Instructions to follow ▸ Write out the data that follows exactly, keeping every picture out.

Collected data ▸
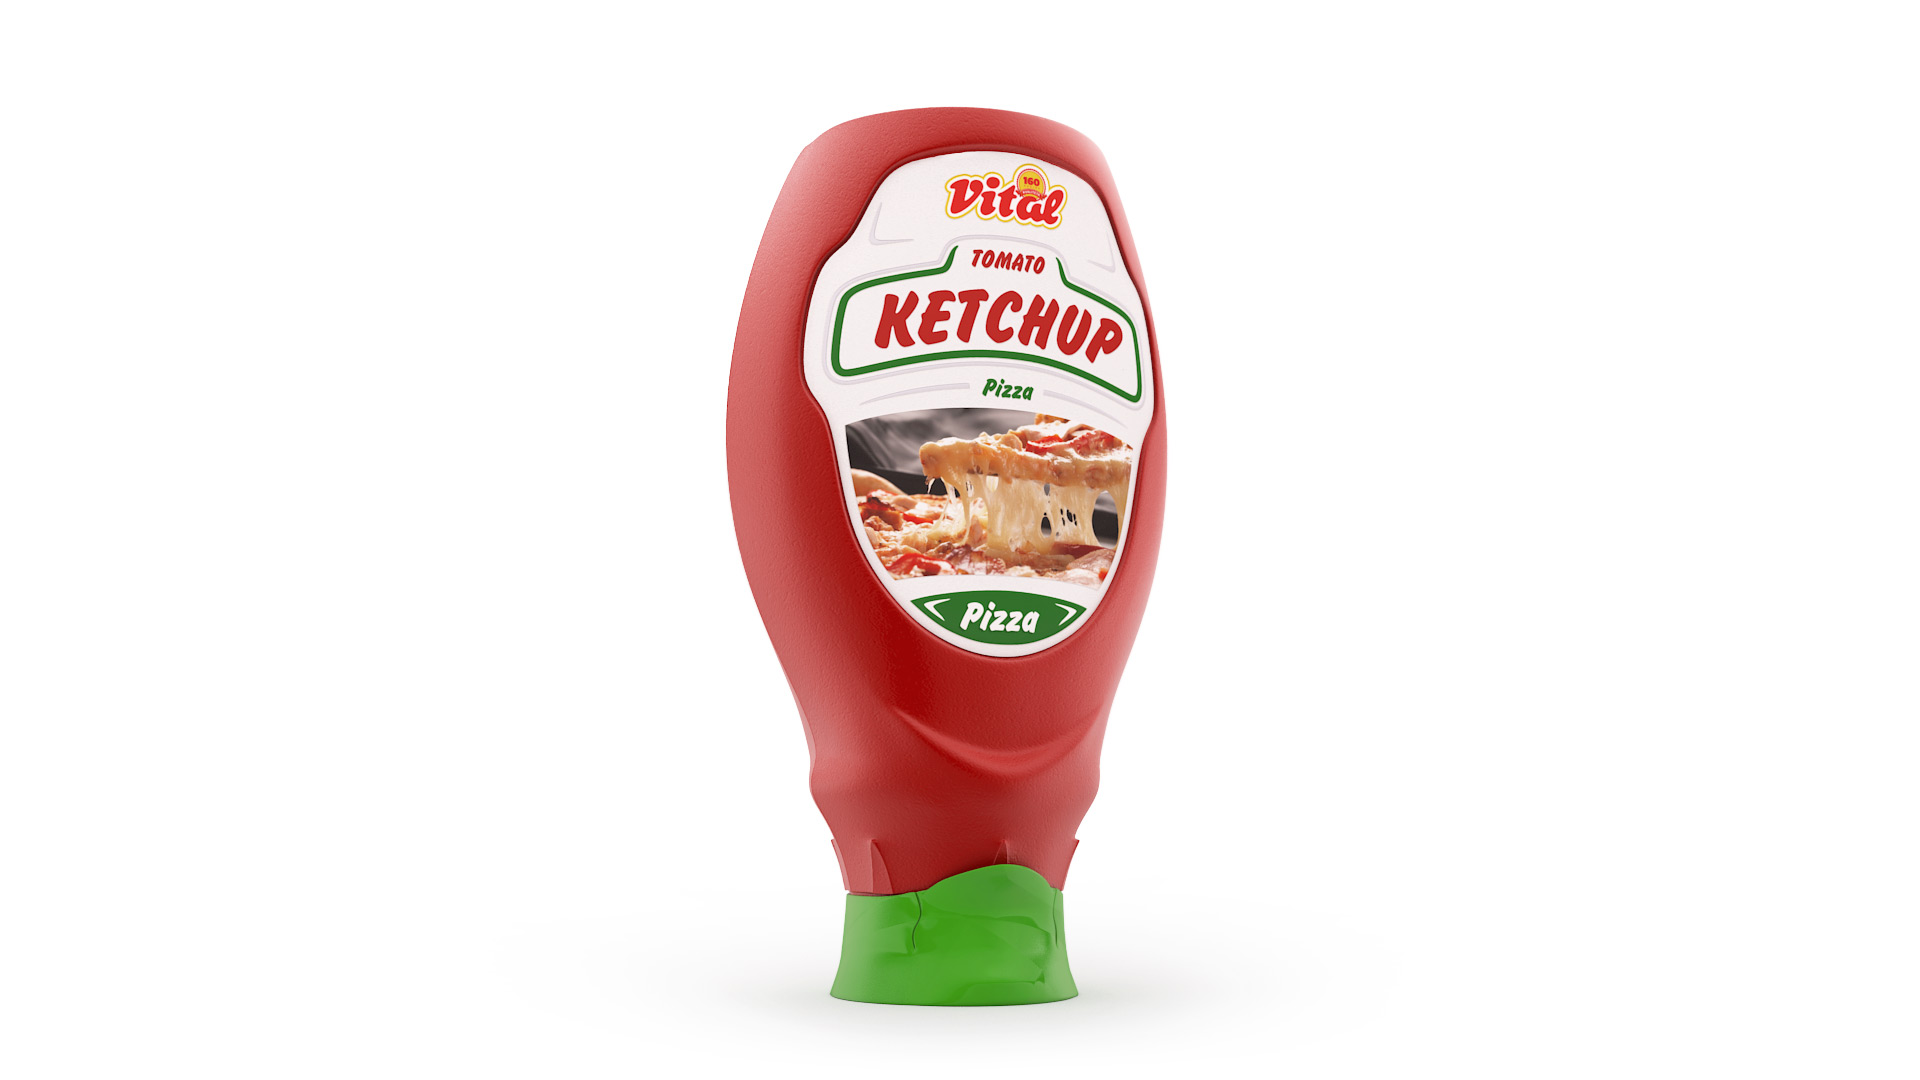 Vital tomato ketchup packaging design - plastic bottle
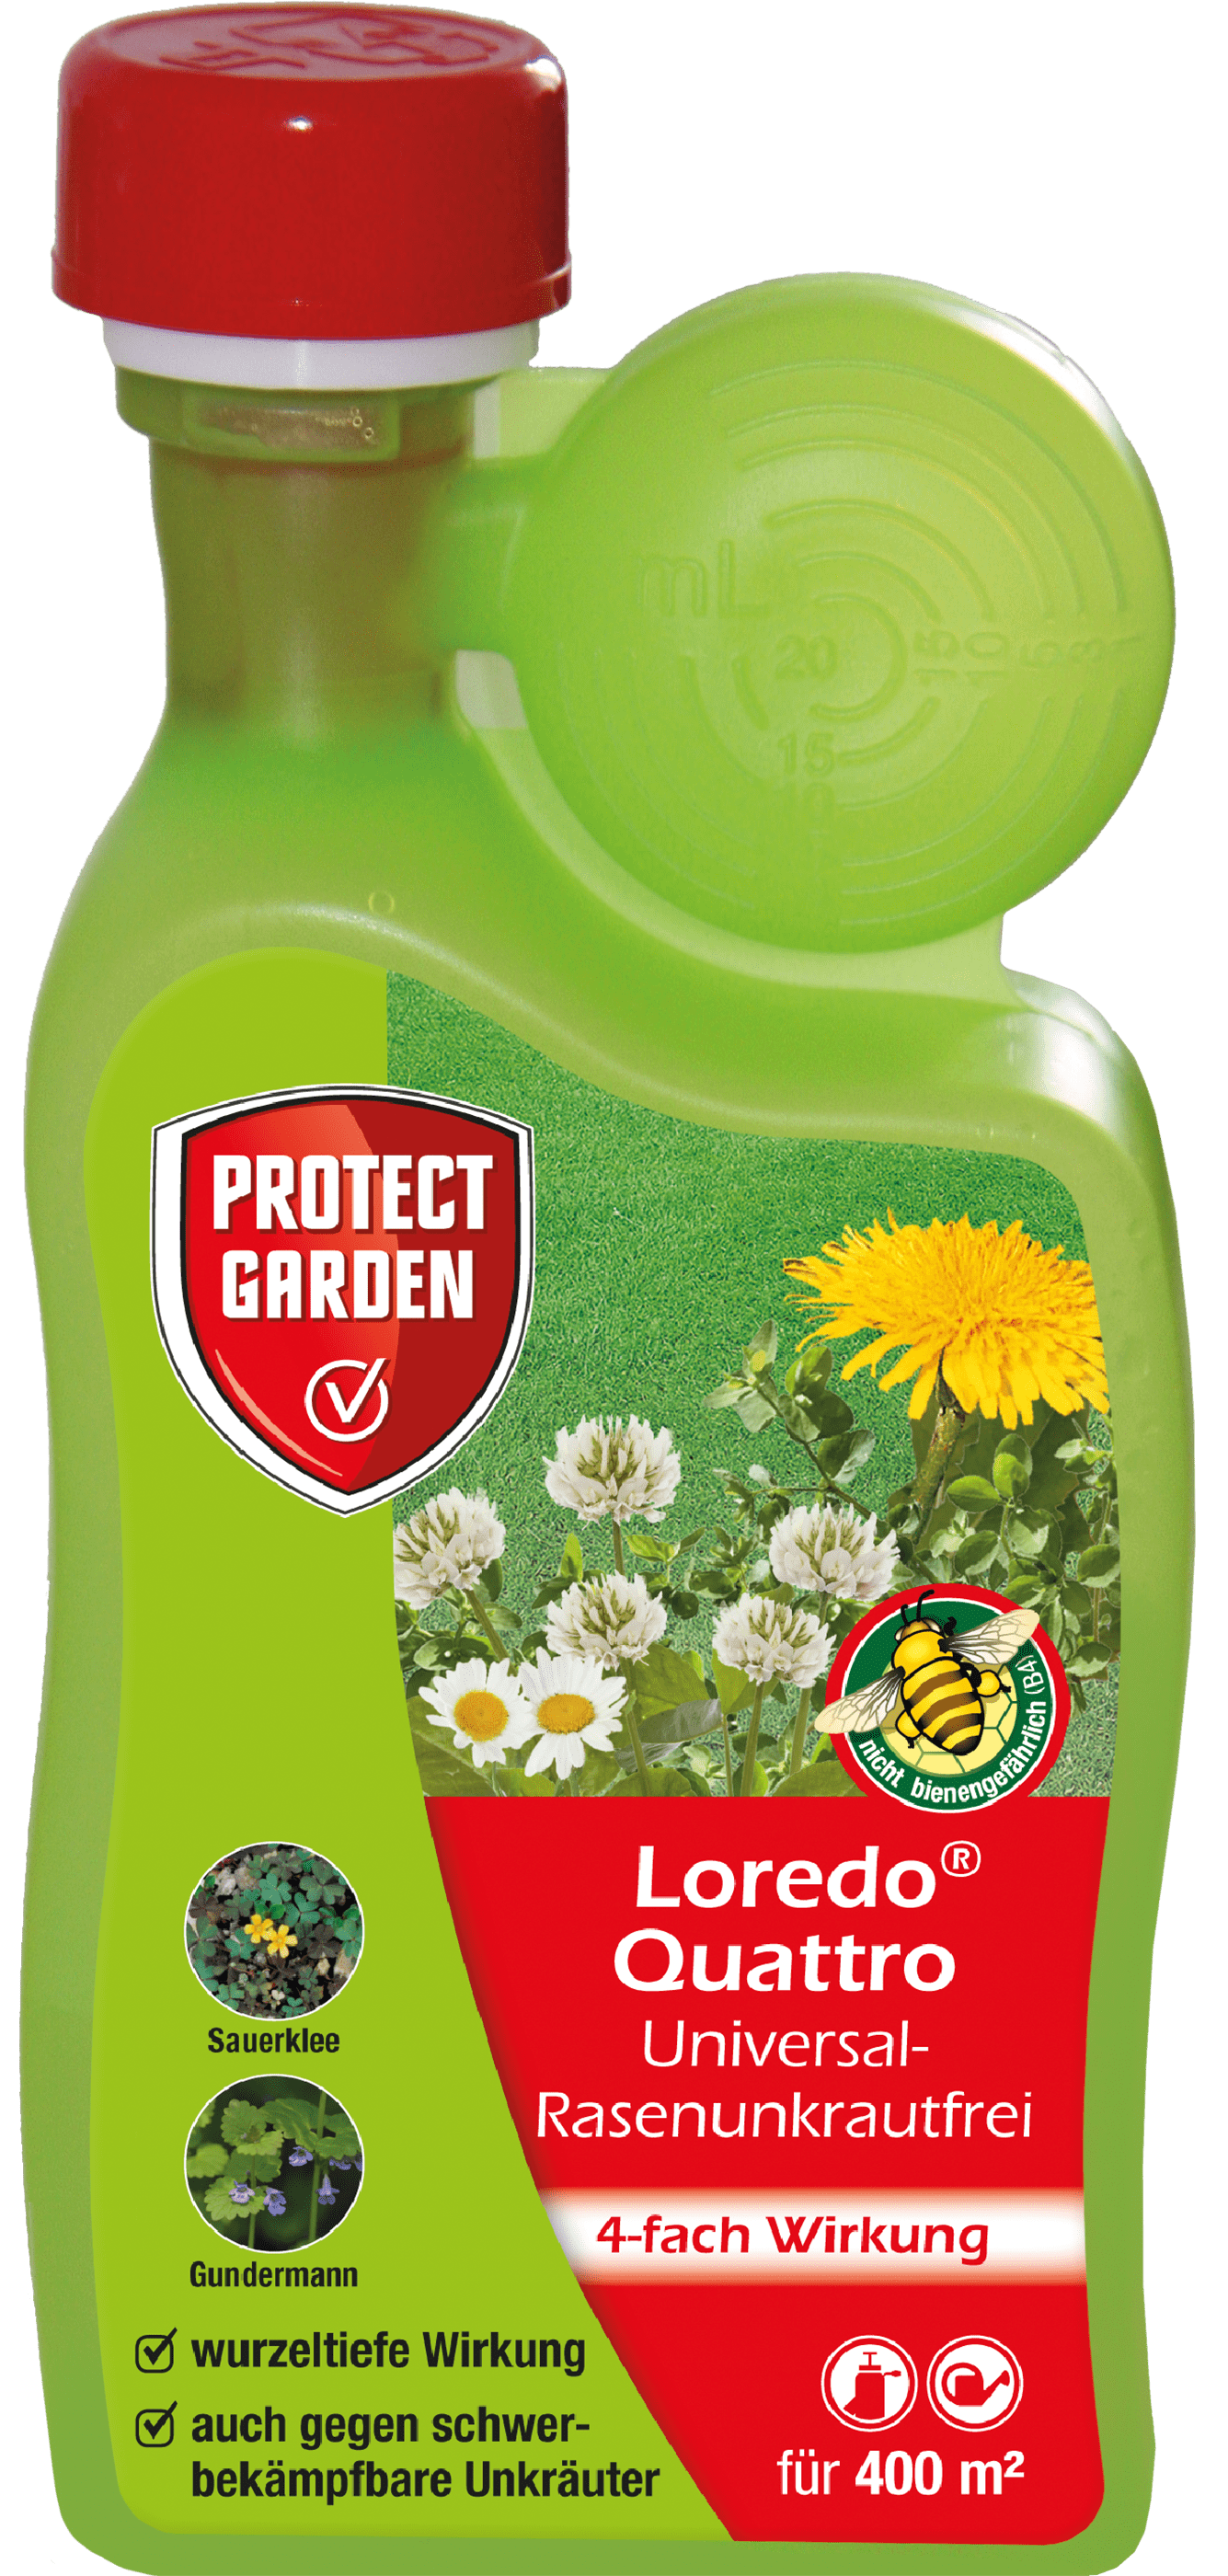 Protect Garden Loredo Quattro Universal-Rasenunkrautfrei für 400 m²
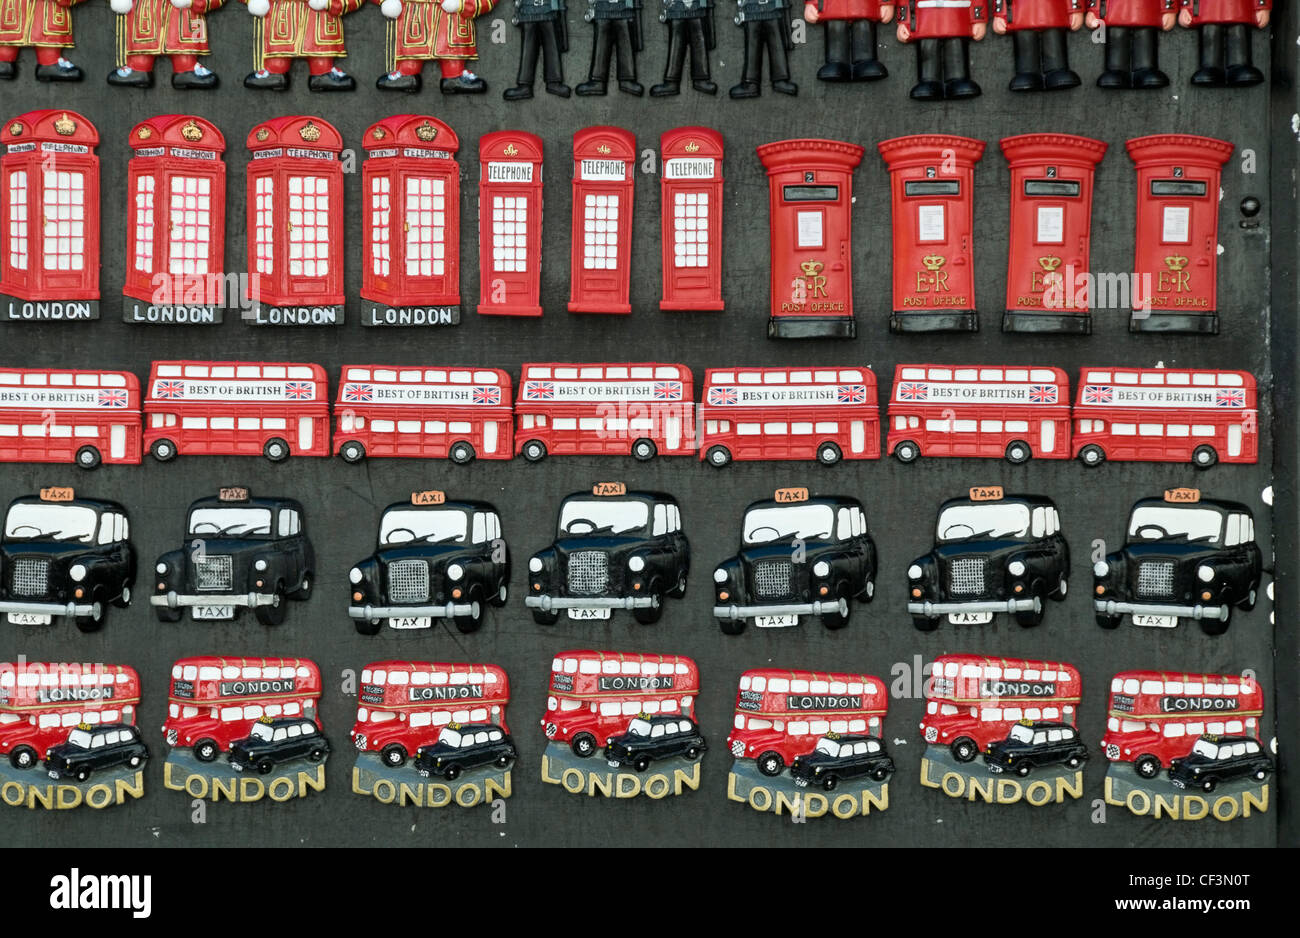 Eine Auswahl an London Souvenirs zum Verkauf im Westend von London. Stockfoto
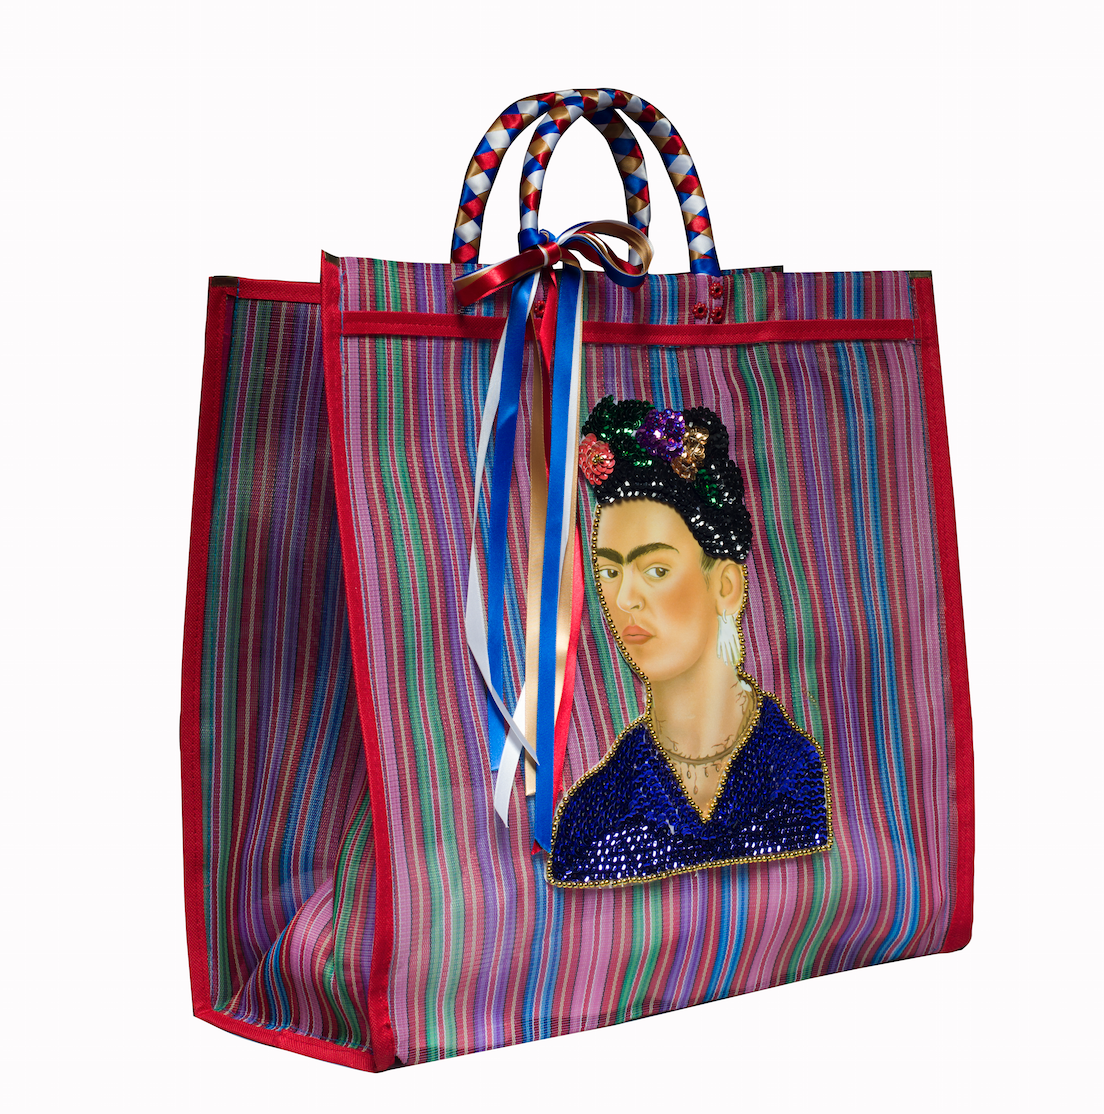 Frida Kahlo market bag

Response for this exercise ▸
 Vital tomato ketchup packaging design - plastic bottle
 Protect Garden Loredo Quattro Universal-Rasenunkrautfrei für 400 m²
 Eine Auswahl an London Souvenirs zum Verkauf im Westend von London. Stockfoto
 Frida Kahlo market bag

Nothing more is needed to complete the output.